Oh, those rascally appliances. One never knows what a really smart appliance will come up with to solve a problem. "Can't we just wipe them off the map?" Some solutions are so simple - hey! Didn't the Iranians say the same thing about Israel? But, while it may be wrong when they say it, it's WrongCo when we say it!

But this brings up a good question that's been avoided lately by the likes of the National Review and CNN's Lou Dobbs. What does victory in Iraq honestly, realistically, look like? Do we wipe them off the map?

Americans must brace themselves for a truth that is hard to take - victory in Iraq will look like defeat.

Americans have a pride that we always succeed and we always win. In truth, it has probably pushed us to success many times when otherwise we (or other peoples) would have failed. We walked the moon; we harnessed the atom. We are pathalogically averse to failure.

And so the legacy of Vietnam gnaws at us. We lost and we left. America had 58,000 killed and 153,000 wounded, and peace came when the North Vietnamese occupied and secured the south.

Victory in Iraq will come when the Iraqis take control - a statement by our president that is very deep in its truth. But as in Vietnam, we will never create a peaceful nation and simply hand it to the Iraqis to govern. In fact, our continued presence only serves to invigorate the resistance and make a peaceful Iraq a more distant target.

Victory in Iraq will occur when the Iraqis take the responsibility for the violence. When terrorists are no longer tolorated hidden within their neighborhoods, using both intimidation and backwards loyalty to enable their operations, much as happens in our own drug-infested neighborhoods. This will happen only when Americans are no longer the targets and the excuse for the violence, and are expected to be the only control of it. We are only beginning to see this, as violence increases against Iraqi civilians.

Sadly, Americans must withdraw and allow the violence to swell against Iraqis - proof to them and to the world that the terrorists are criminals and not freedom fighters. Only when this pain forces the Iraqis out of their complacency and learned helplessness will they take true responsibility and stand up to the violence. It will cause the ultimate victory in Iraq.

And that will look like a defeat for America. It will weigh the hearts of Americans possibly as much as seeing the carnage in Iraq itself.

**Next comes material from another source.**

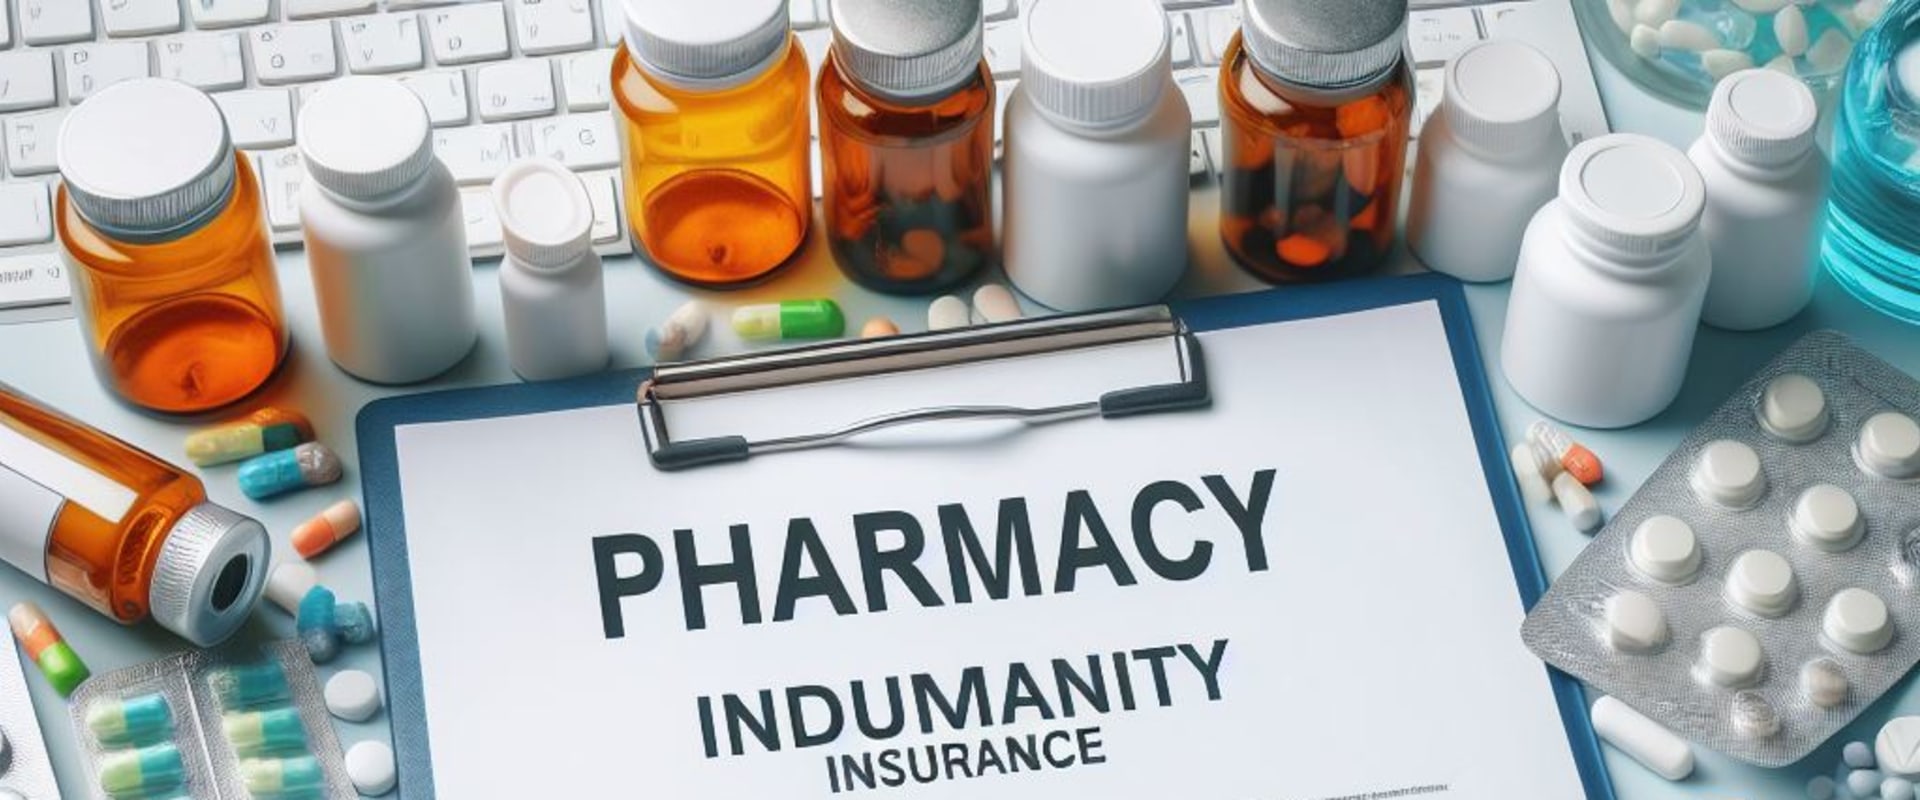 pharmacy indemnity insurance

But if America takes this action now at our option, rather than later when all our energies are spent, then we can help the victory be less expensive in lives and time. We must do it piecemeal. Pick a town - an easy target. Low insurgency, homogenious culture, small population (not Bagdad), have them set up their local council, school board, police, and -- leave.

The insurgency will flock there, violence will skyrocket, terrorists will gloat on web videos, and the locals will be overwhelmed. We will have failed.

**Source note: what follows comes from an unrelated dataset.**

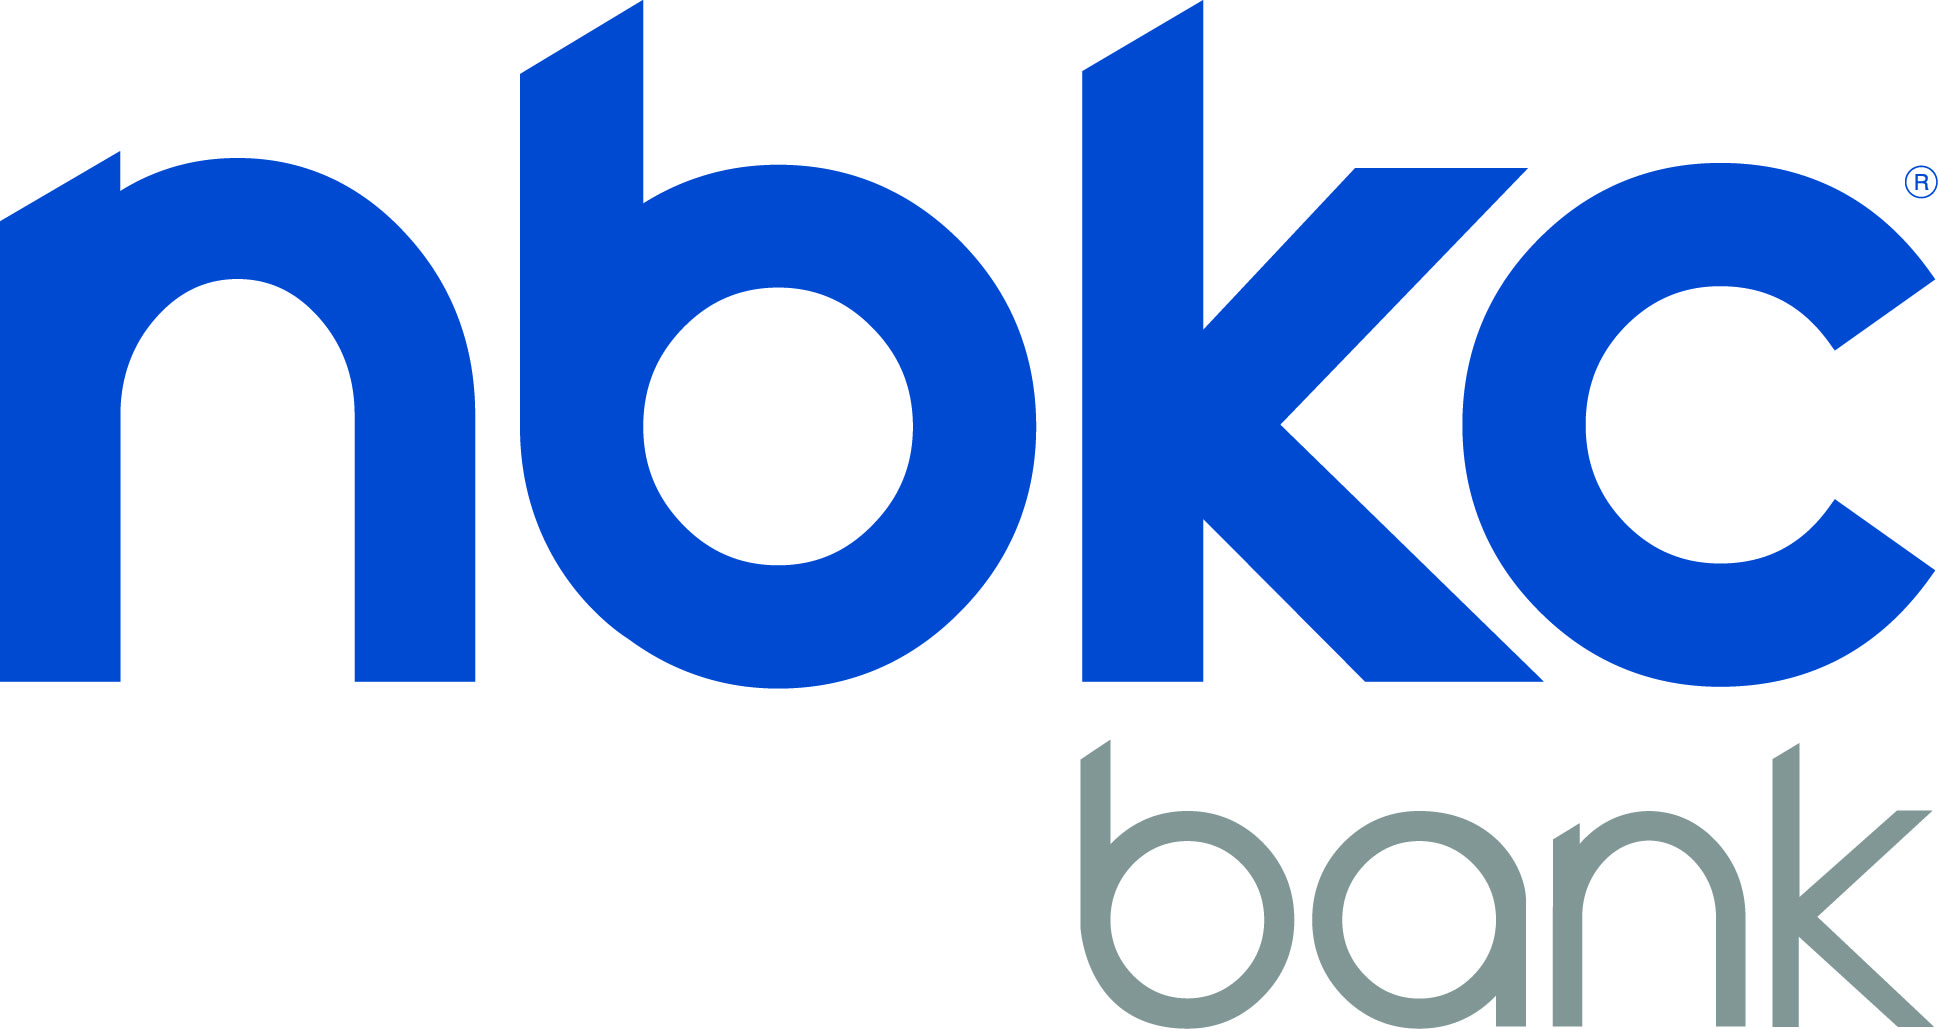 NBKC Bank logo and banner

And we will return, restore order, contribute equipment and training, set them on their feet again, congratulate their effort and -- leave.

Some things will be done differently, and the city will still melt down, but not as badly. It will still look like defeat. And we will return to help again. And we will do it in another city, and that will fail. And another and another.

And eventually, the insurgency will tire, spread too thin fighting their own countrymen, many of them questioning why they are fighting, yet the US still capturing and killing many of them, with all the credit going to the Iraqis. The Iraqis taking responsibility for their own nation.

When we leave, it will be because we weren't in their city any more. There won't be a parade of troops marching out on a street lined with people shouting "liberators!" We will ride in a dirty truck to a ship and sail home to a weary nation that doesn't understand their challenges any more than we understand any benefits we got from their sacrifice.

The nation of Iraq will have turned against the terrorists. It will be a victory.